De lus stopt pas als counter voorbij end is gegaan. Als counter gelijk is aan end, herhaalt de lus zich. De vergelijking die bepaalt of het blok moet worden uitgevoerd, is counter<= end als step positief en counter>= end als step dit negatief is.

Als u de waarde van counter wijzigt terwijl u zich in een lus bevindt, kan het lastiger zijn om uw code te lezen en fouten op te sporen. Het wijzigen van de waarde van start, endof step heeft geen invloed op de iteratiewaarden die zijn bepaald toen de lus voor het eerst werd ingevoerd.

Als u lussen nestelt, geeft de compiler een foutmelding als deze de Next instructie van een buitenste nestniveau tegenkomt vóór de Next instructie van een binnenste niveau. De compiler kan deze overlappende fout echter alleen detecteren als u counter in elke Next verklaring opgeeft.

Stapargument

De waarde van step kan positief of negatief zijn. Deze parameter bepaalt lusverwerking volgens de volgende tabel:

Stapwaarde Lus wordt uitgevoerd als
Positief of nul counter <= end
Negatief counter >= end

De standaardwaarde van step is 1.

Tegenargument

In de volgende tabel wordt aangegeven of counter een nieuwe lokale variabele definieert die van toepassing is op de hele For…Next lus. Deze bepaling is afhankelijk van of datatype aanwezig is en of counter al is gedefinieerd.

Is datatype aanwezig? Is counter al gedefinieerd? Resultaat (of counter er een nieuwe lokale variabele wordt gedefinieerd die is gericht op de hele For...Next lus)
Nee. Ja Nee, omdat counter dit al is gedefinieerd. Als het bereik van counter niet lokaal is voor de procedure, ontstaat er een compile-tijd waarschuwing.
Nee. Nee. Ja. Het gegevenstype wordt afgeleid van de start, end en step expressies. Zie Option Infer Statement en Local Type Inference voor informatie over typedeductie.
Ja Ja Ja, maar alleen als de bestaande counter variabele buiten de procedure is gedefinieerd. Die variabele blijft gescheiden. Als het bereik van de bestaande counter variabele lokaal is voor de procedure, treedt er een compilatietijdfout op.
Ja Nee. Ja.

Het gegevenstype bepaalt counter het type iteratie, dat een van de volgende typen moet zijn:

  • Een Byte, SByte, UShort, Short, UInteger, Integer, ULong, Long, Decimal, Single, of Double.

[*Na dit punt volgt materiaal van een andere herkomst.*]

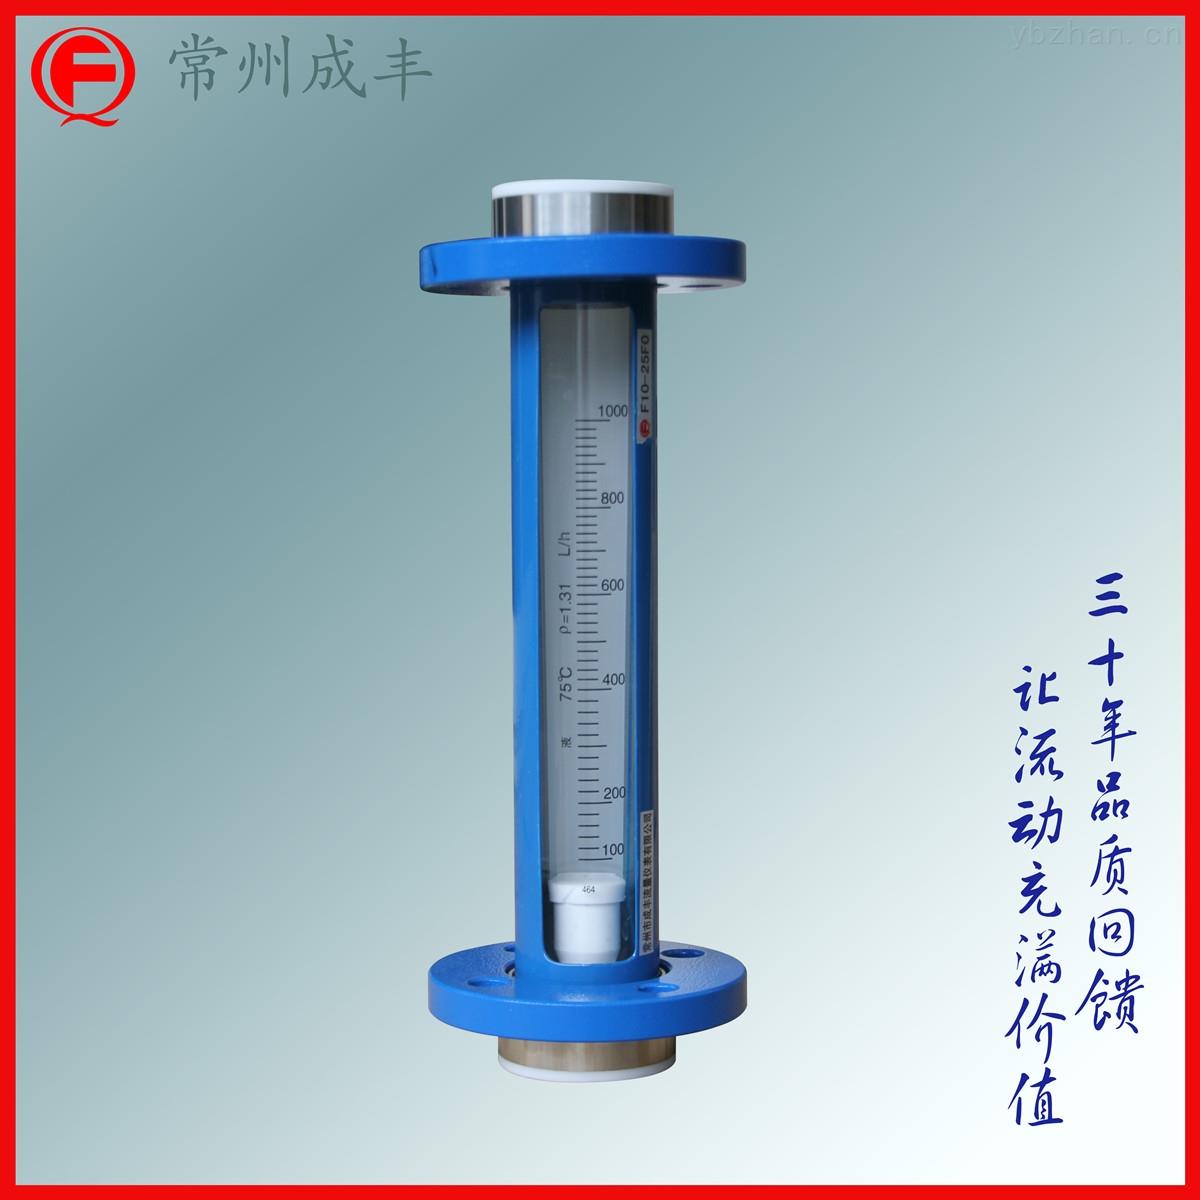 F10-25F0-盐酸玻璃转子流量计成丰仪表衬氟防腐品质好

  • Een opsomming die u declareert met behulp van een Enum-instructie.

  • Een Object.

  • Een type T met de volgende operatoren, waarbij B een type is dat kan worden gebruikt in een Boolean expressie.

    Public Shared Operator >= (op1 As T, op2 As T) As B

    Public Shared Operator <= (op1 As T, op2 As T) As B

    Public Shared Operator - (op1 As T, op2 As T) As T

    Public Shared Operator + (op1 As T, op2 As T) As T

U kunt desgewenst de counter variabele in de Next instructie opgeven. Deze syntaxis verbetert de leesbaarheid van uw programma, met name als u geneste For lussen hebt. U moet de variabele opgeven die wordt weergegeven in de bijbehorende For instructie.

De start, enden step expressies kunnen evalueren op elk gegevenstype dat wordt uitgebreid tot het type counter. Als u een door de gebruiker gedefinieerd type gebruikt counter, moet u mogelijk de CType conversieoperator definiëren om de typen start, endof step naar het type counterte converteren.

Voorbeeld 1

In het volgende voorbeeld worden alle elementen uit een algemene lijst verwijderd. In plaats van een For Each... Volgende instructie toont het voorbeeld een For...Next -instructie die in aflopende volgorde wordt herhaald. In het voorbeeld wordt deze techniek gebruikt omdat de removeAt methode ervoor zorgt dat elementen na het verwijderde element een lagere indexwaarde hebben.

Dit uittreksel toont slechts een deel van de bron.